The average total monthly premium for full-time employees grew to $832 this year, up nearly 14% from $731 in 2010, according to a study released by the ADP Research Institute this week. And those costs are taking up a larger percentage of income for lower-wage workers, the study found, with premiums taking up 8.4% of income for workers earning $15,000 to $20,000, up 0.9 percentage points from 2010 when premiums took up 7.5% of income. Workers earning more than $120,000, in contrast, paid 2.1% of their annual income on premiums.

Some companies will set up salary “bands” where they increase premiums in small increments of $5 or $10 based on income. Workers earning $25,000 to $50,000 may pay one rate, $50,000 to $100,00 another rate, and so on, says Nimmer.

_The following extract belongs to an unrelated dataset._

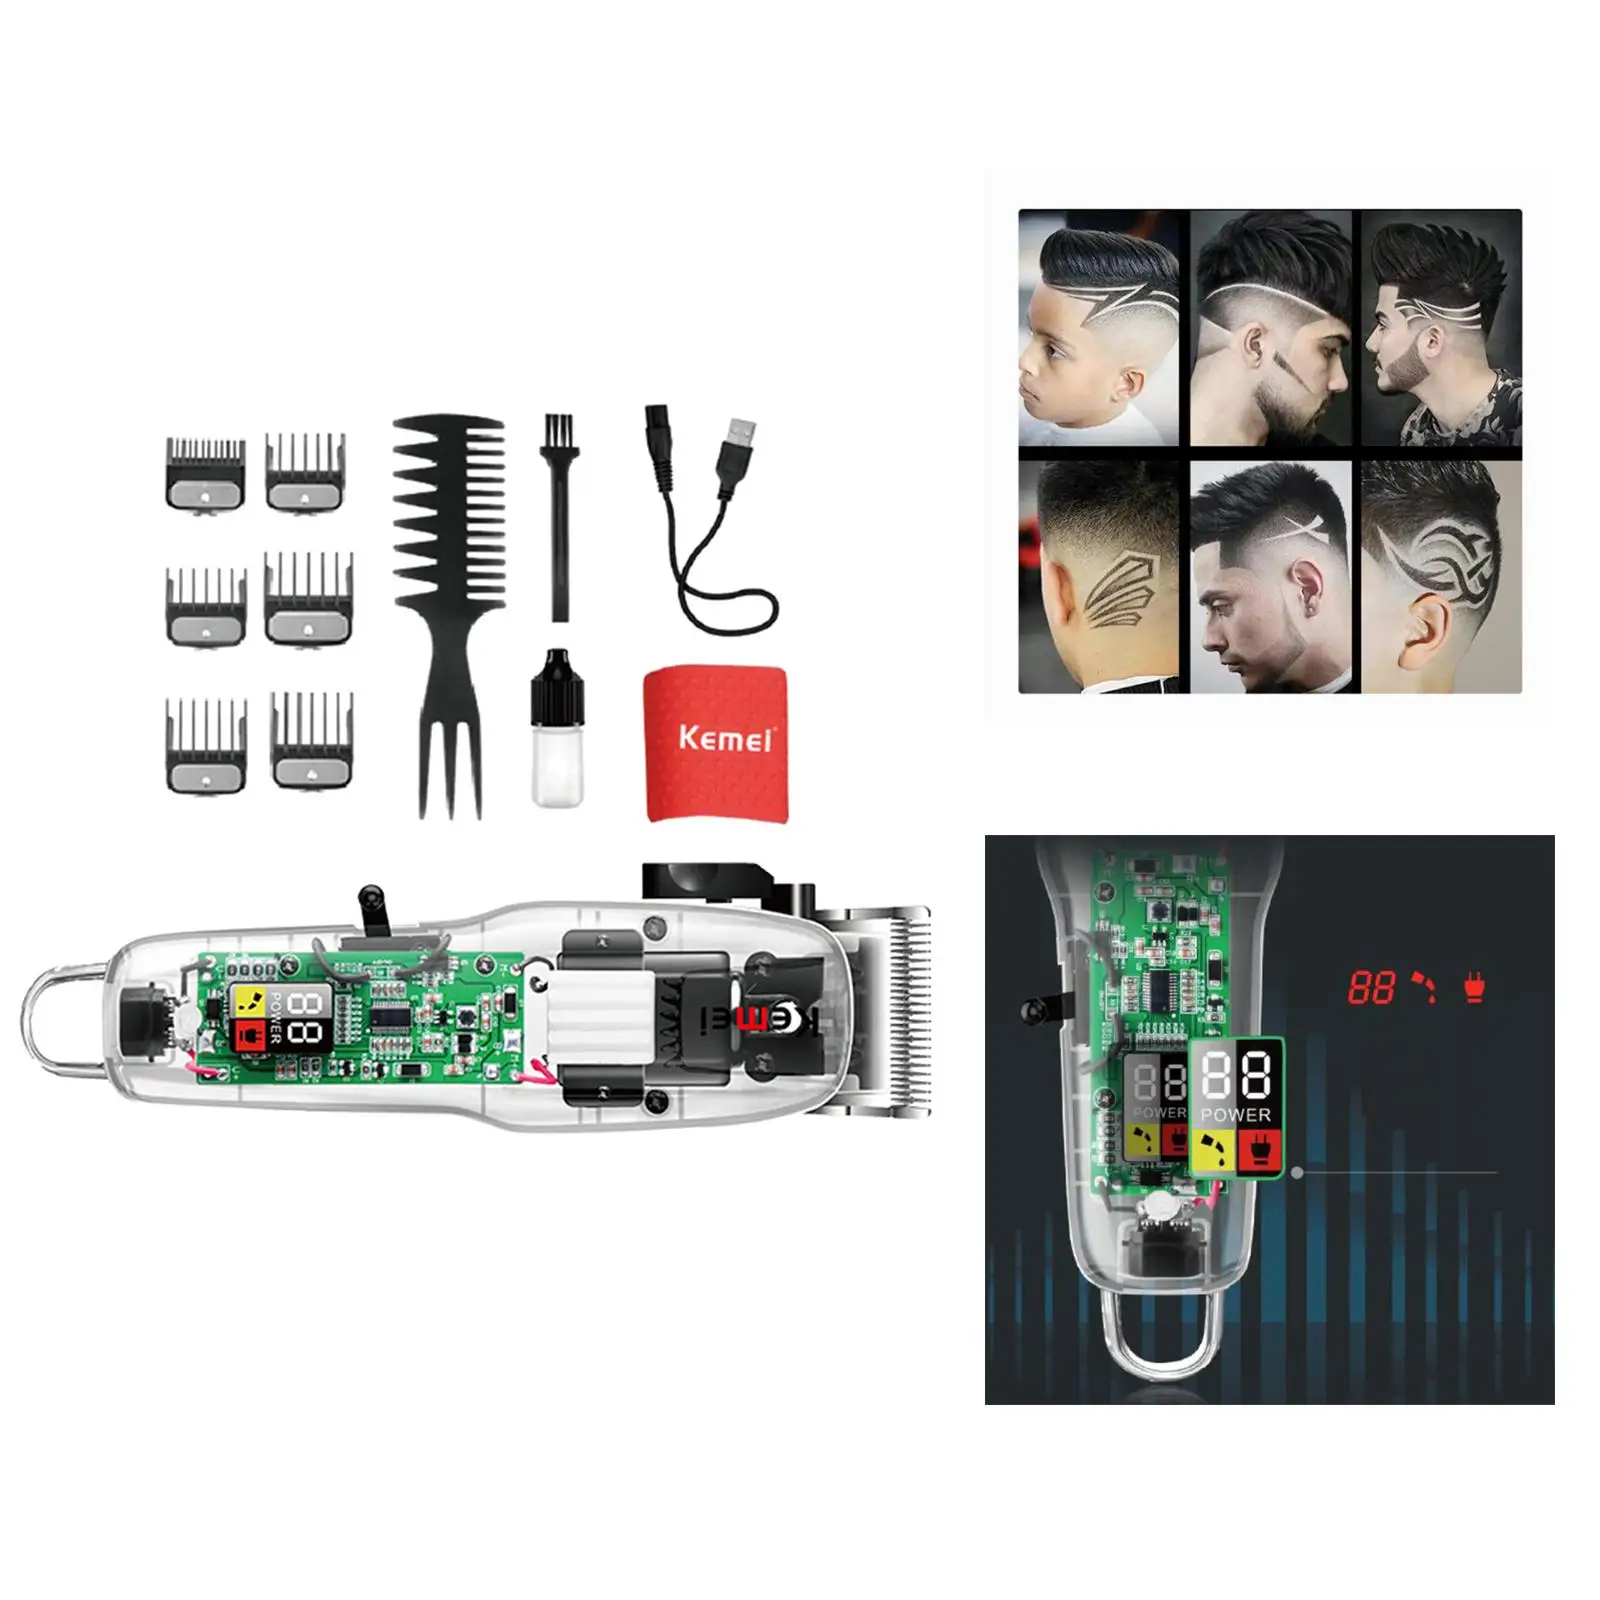 Rechargeable Hair Cutting Machine Electric Professional / // Hair Clippers/ for Men Family Boyfriend USB Fast Charging 2200mAh
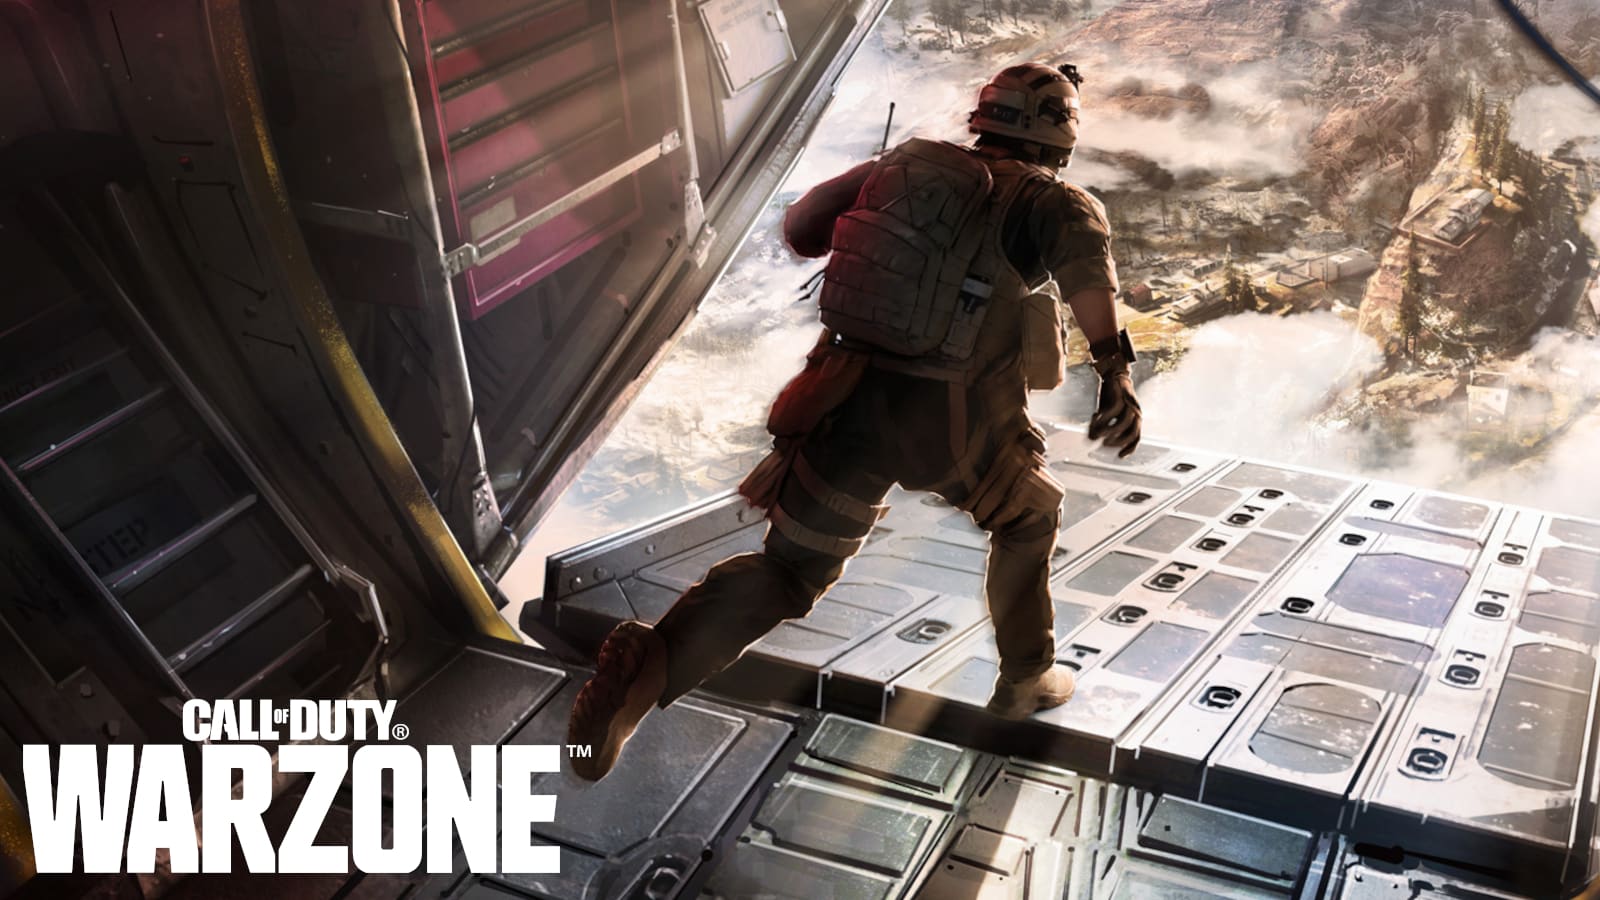 NEW* Warzone Mobile Early Access? + How To Download + Free Rewards & more!  Warzone Mobile News

At some companies, the premium costs between lower wage workers and higher earners could vary by as much as 20%, he says.

The perks may seem obvious for the employees getting a break on their premiums, but it doesn’t offer total relief from rising health-care costs. Other expenses such as deductibles, copayments and coinsurance payments typically remain the same across all incomes. And health insurance experts say such programs face resistance from workers and other analysts questioning the fairness of the approach, especially at companies that don’t have large wage disparity between workers, says Helen Darling, president of the National Business Group on Health, a nonprofit group that represents employers offering health benefits to workers. ”You’re basically saying anybody under this gets a deal and anybody over it pays more,” says Darling. “So anybody close to the line is going to get mad.”

Still, some higher earners may be okay with the strategy for a less obvious reason: the tax perks. The earnings that workers use to pay health care premiums, along with the portion that employers put toward premiums, are exempt from income taxes, and that tax break is more valuable for higher earners who are subject to higher tax rates, says Gary Claxton, vice present of the Kaiser Family Foundation. It may be even more appealing after the new top tax bracket of 39.6% that was introduced this year for earnings above $400,000 for an individual, along with other tax hikes, goes into effect. “So if you’re a higher wage worker, you’re not likely to pass it up,” says Claxton.